• _DATA SHOWN_:
◇ ◇ ◇ ◇
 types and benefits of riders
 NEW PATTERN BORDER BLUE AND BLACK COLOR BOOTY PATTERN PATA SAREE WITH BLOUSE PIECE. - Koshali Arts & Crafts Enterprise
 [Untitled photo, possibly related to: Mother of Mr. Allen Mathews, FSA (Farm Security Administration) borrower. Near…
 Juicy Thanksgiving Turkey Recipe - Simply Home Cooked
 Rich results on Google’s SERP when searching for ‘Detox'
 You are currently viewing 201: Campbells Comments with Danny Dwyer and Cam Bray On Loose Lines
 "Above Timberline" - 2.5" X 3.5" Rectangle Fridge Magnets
◇ ◇ ◇ ◇
• _DIRECTIONS_:
Transcribe the records exactly as given.

• _ANSWER AREA_:
 types and benefits of riders
 NEW PATTERN BORDER BLUE AND BLACK COLOR BOOTY PATTERN PATA SAREE WITH BLOUSE PIECE. - Koshali Arts & Crafts Enterprise
 [Untitled photo, possibly related to: Mother of Mr. Allen Mathews, FSA (Farm Security Administration) borrower. Near…
 Juicy Thanksgiving Turkey Recipe - Simply Home Cooked
 Rich results on Google’s SERP when searching for ‘Detox'
 You are currently viewing 201: Campbells Comments with Danny Dwyer and Cam Bray On Loose Lines
 "Above Timberline" - 2.5" X 3.5" Rectangle Fridge Magnets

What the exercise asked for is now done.